If your actions exceed what’s considered to be reasonable – the rules use the example of creating a pathway to the hole – you’ll pick up the general penalty (two shots in stroke play or loss of hole in match play) for a breach of Rule 8.1a.
Don’t spend all day at it either, or you may fall foul of Rule 5.6a for unreasonably delaying play.
What if I move the ball by accident?
We’ve all done this one – most famously Dustin Johnson at the 2016 US Open. That act of ever-so-slightly brushing the ball during a practice stroke actually resulted in a rules change.
Now Rule 13.1d means there is no penalty if you, or in fact another player in stroke play or opponent in match play, accidentally shifts either a ball or a ball-marker on the green.
Just replace it on its original spot – estimate if you can’t remember. The only exception arises if the ball starts to move during the backswing, or during a stroke and the stroke is then made. In that case, play it as it lies.
Don’t deliberately test a green
It’s a two-shot penalty, and loss of hole in match play, waiting to happen.
What does testing a green entail?
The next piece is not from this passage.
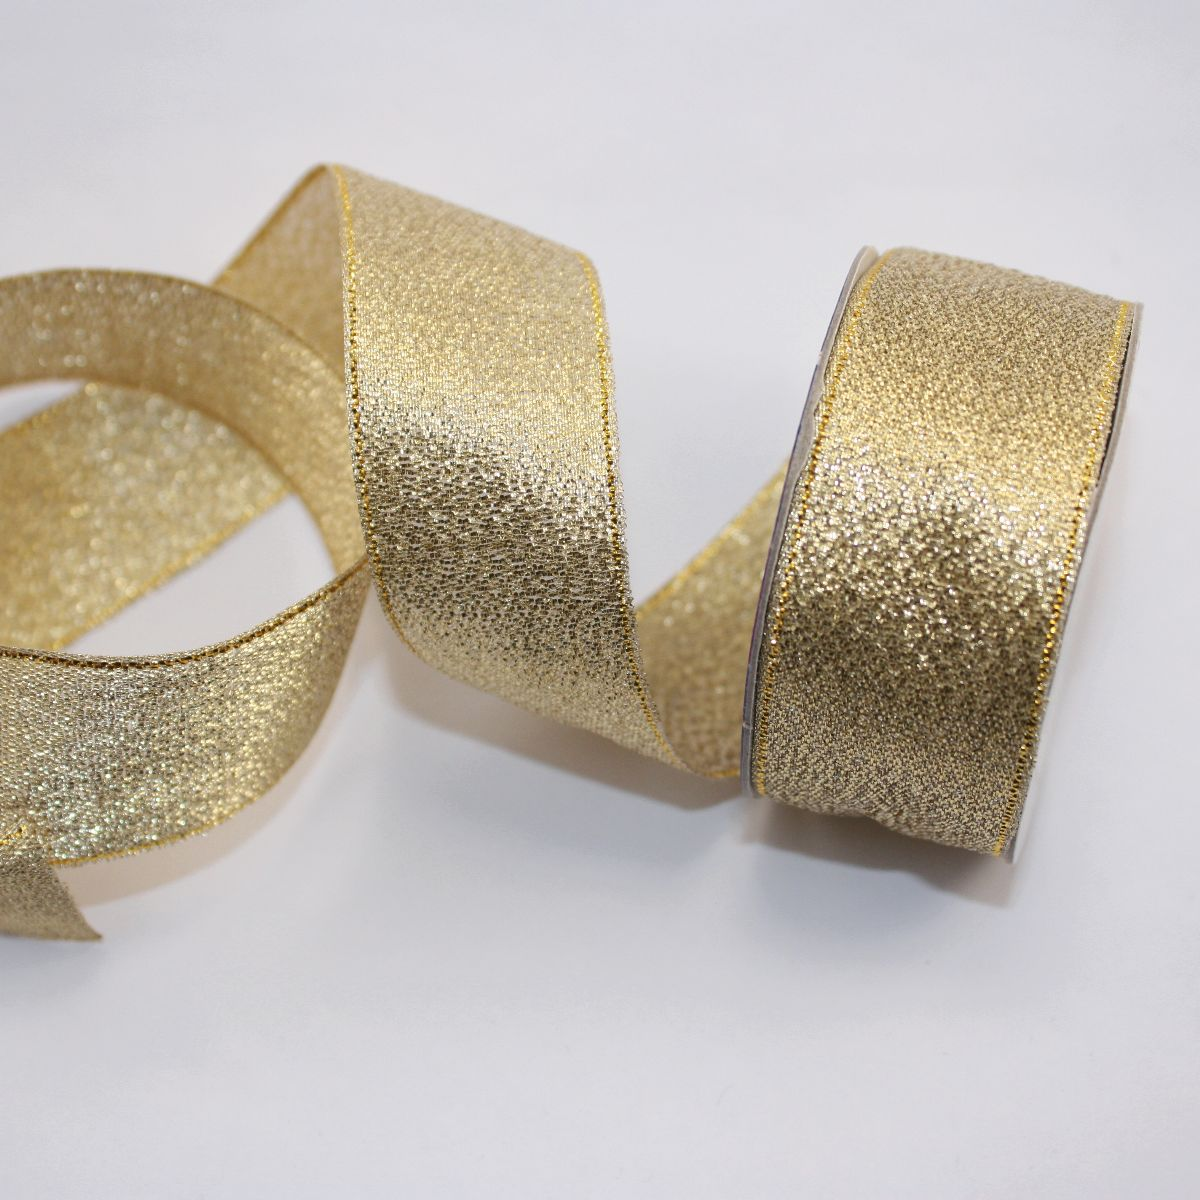 Ruban fantaisie en bobine doré 26 mm
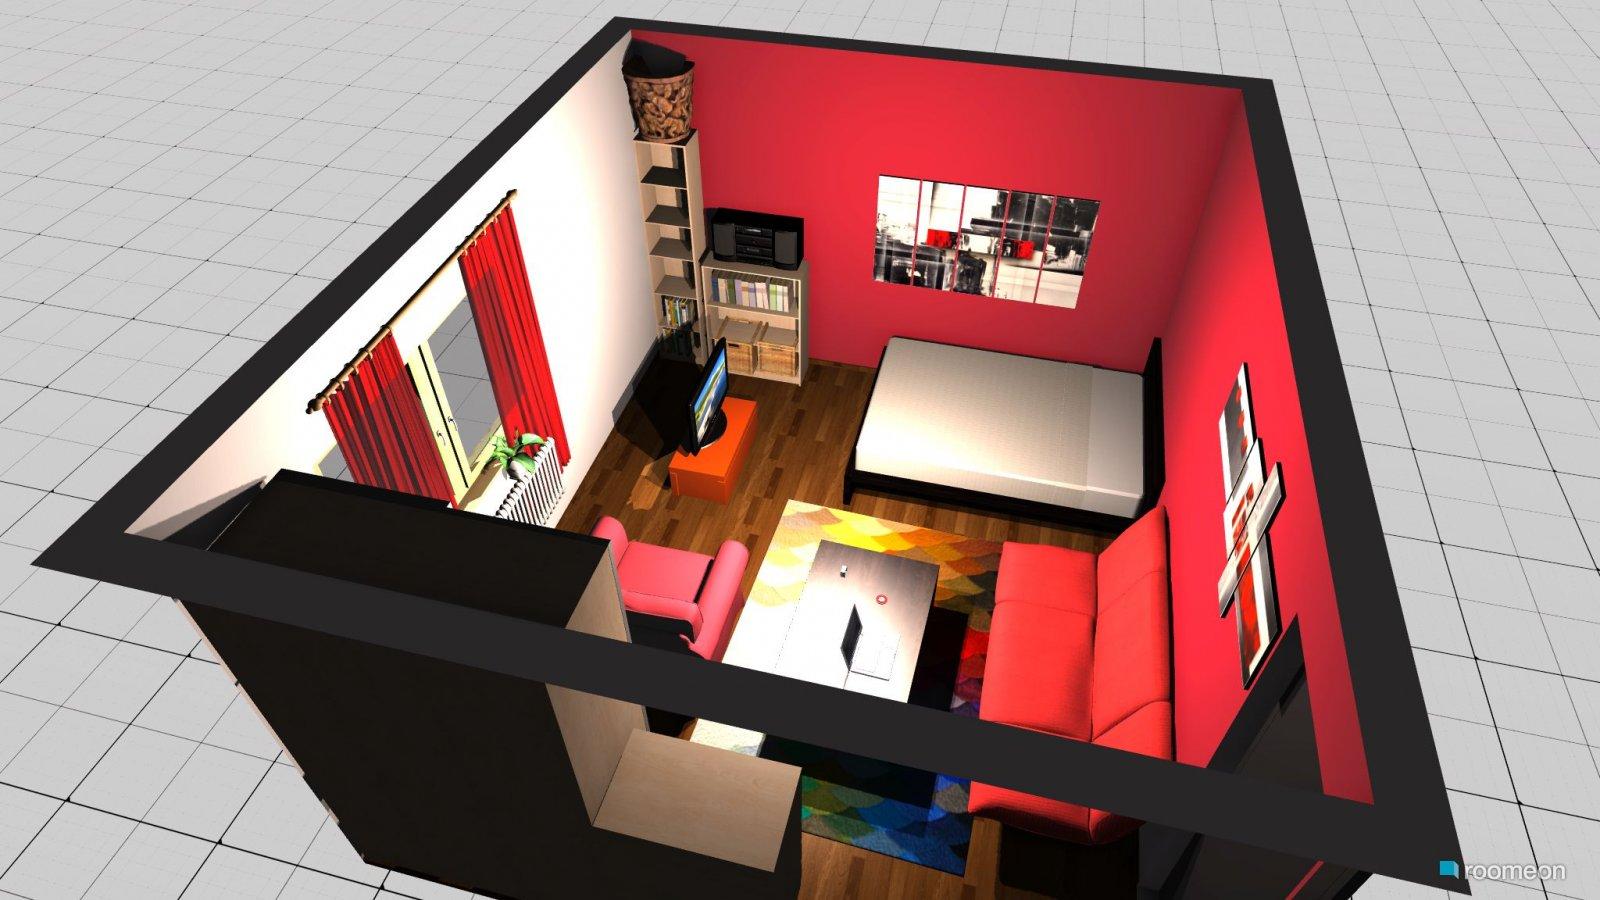 MALM Storage unit, orange - Design and Decorate Your Room in 3D

It’s when you deliberately rub the surface, or roll the ball, on either a putting green or a wrong green.
An interpretation to Rule 13.1e reveals more. Actions that would signal a breach of the rule include roughening the grass to find out which way it’s growing.
But rubbing a ball on the green to clear off mud, or putting your hand on the surface to determine its wetness, are not prohibited under this rule.
As always, there is a caveat. If you are between two holes, you are then allowed to rub or roll the ball on the green of the hole you’ve just finished, or any practice green.
Make sure, though, to have a quick look at the course’s Local Rules first as committees can bring adopt a measure to ban this.